К горлу неожиданно подкатила тошнота, и он, сорвавшись с кровати, путаясь в одеяле, в простыне, бросился к двери, скатился кубарем по лестнице, успел только добежать до туалета и чуть не потерял сознание. Из туалета он вышел через двадцать минут, ослабевший и беспомощный. На негнущихся ногах, сотрясаемый набегающими волнами дрожи, он, шатаясь, поплелся вверх по лестнице, крепко держась за перила. Когда он добрался до самой верхней ступеньки, внизу громко скрипнула дверь, от неожиданности ноги его подкосились, и он сел на пол. Меньше всего на свете ему хотелось сейчас встретиться с отцом. Меньше всего на свете…
Так он думал, сидя на верхней ступеньке и дрожащими руками теребя прилипшие ко лбу пряди светлых волос. Внизу, в полосе света, падающей из закрывающейся двери в ванную комнату, он с ужасом разглядел Регину в коротком зеленом халатике. Щелчок выключателя – и видение пропало так быстро, что он не успел ничего понять: то ли это игра его воображения, то ли… Белая вспышка свалила его на пол.
Утром к его кровати подбежала сестренка и уставилась на его лоб.
– Что ты там увидела? – спросил он плохо ворочающимся языком.
– У тебя капельки на лбу…
– Ерунда, не бойся. – Он взял ее за руку.
– Ты горячий, – отдернула она руку.
Потом – когда поднялся наверх отец, сунул ему градусник, приехала бабушка с банкой меда – оказалось, что температура у него под сорок. Старичок-врач долго рассматривал его горло, язык, спину, мял живот, но в конце концов решительно заявил – простуда. Сделал укол и пообещал, что температура упадет через несколько минут. Оставил бабушке порошки, пилюли, жидкую микстуру, велел не беспокоиться и откланялся.
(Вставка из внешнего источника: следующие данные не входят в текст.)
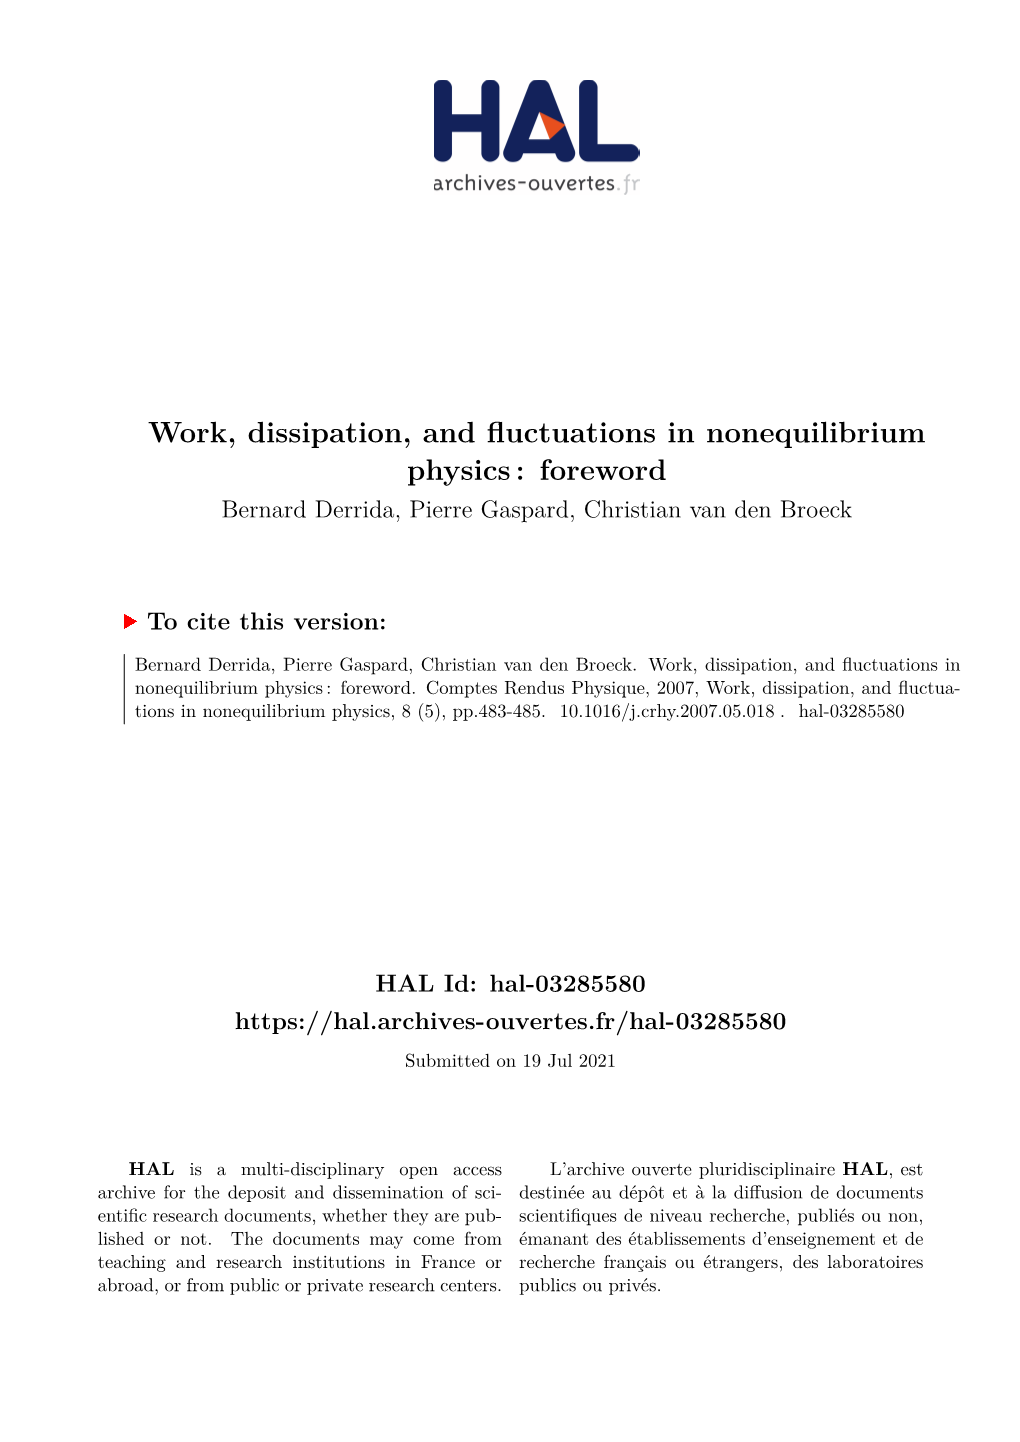 Work, Dissipation, and Fluctuations in Nonequilibrium Physics : Foreword Bernard Derrida, Pierre Gaspard, Christian Van Den Broeck

Вернувшись вечером, отец сразу влетел к нему на второй этаж, пощупал лоб и удовлетворенно вздохнул. Потом отец с бабушкой ужинали в столовой, она перемыла посуду и уехала, поцеловав его в лоб:
– Все хорошо, я завтра приеду.
И что-то такое было в бабушкиных словах, словно не бабушка она теперь была, а обычная женщина. От слов разило заговором, женскими кознями. Бабушке было непростительно казаться женщиной. Он заподозрил неладное. В воздухе плыли флюиды разительных перемен. Отец притащил ему в комнату большой телевизор, чтобы не скучно было. Телевизор был их гордостью. Такого огромного экрана не было ни у кого из знакомых. Отец сам собрал его.
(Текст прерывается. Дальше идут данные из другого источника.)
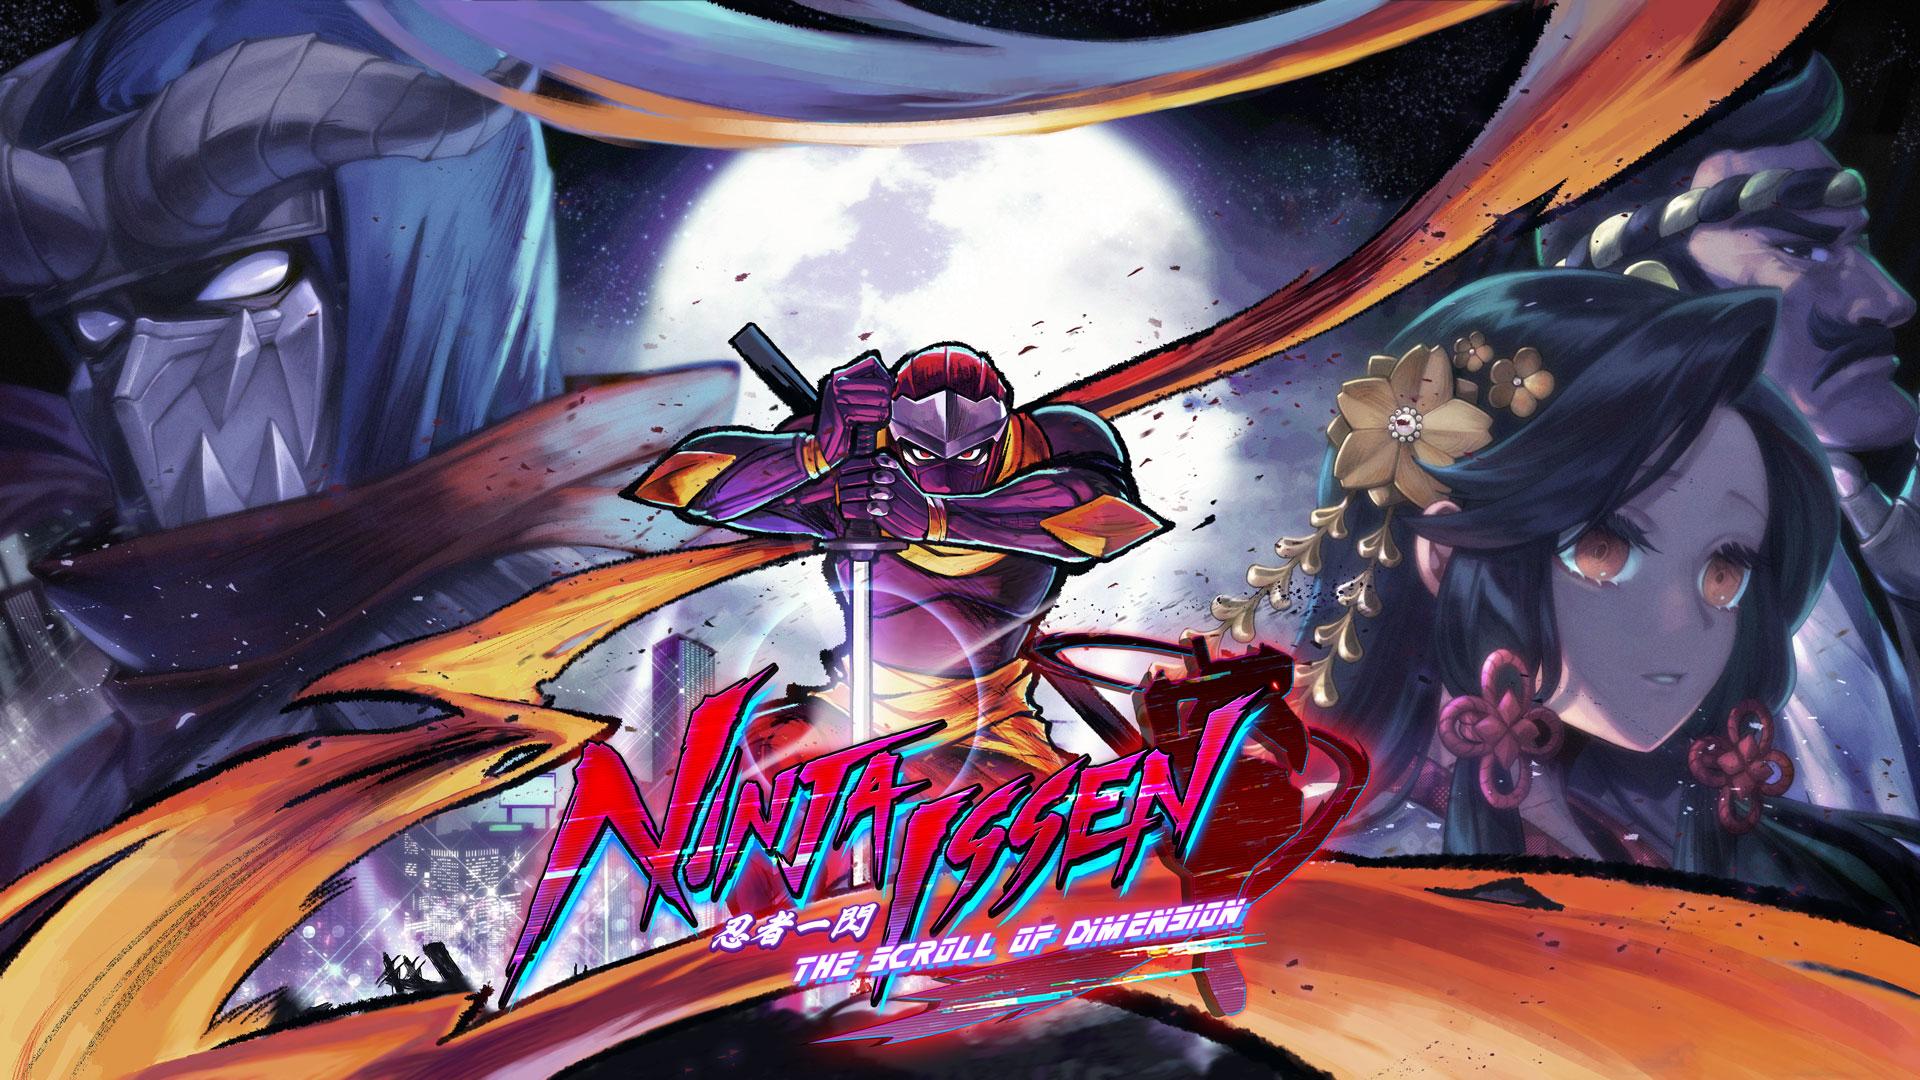 Ninja Issen playable demo is now available on PC

Весь вечер отец бегал снизу вверх, проверить, как там Сашка, а потом сверху вниз, ответить на очередной телефонный звонок. Вечером он спустился к себе окончательно и выключил, уходя, свет. Сашка проспал весь день, и теперь ему не хотелось спать ни чуточки. Через полчаса ему показалось, что вздрогнула входная дверь. Именно не хлопнула, а, словно кто-то специально придержал ее, вздрогнула, закрываясь. Воздух будто сразу же выкачали из его груди. В голове всплыло сразу все: полоска света, Регина, белое полыхнувшее пламя. Хватая ртом воздух, он замер и прислушался. Но сердце барабанило так, что ничего больше не было слышно. Тогда он встал и на цыпочках подкрался к двери. Какой-то шепот внизу? Или ему кажется? Доктор, уходя, сказал: «Не исключен бред». Это ведь он про него сказал, про Сашку. Может быть, все это и есть бред? Он приоткрыл дверь. Шепот стал чуть громче и на какое-то время разлился женским смехом. Тогда его руки страшно задрожали.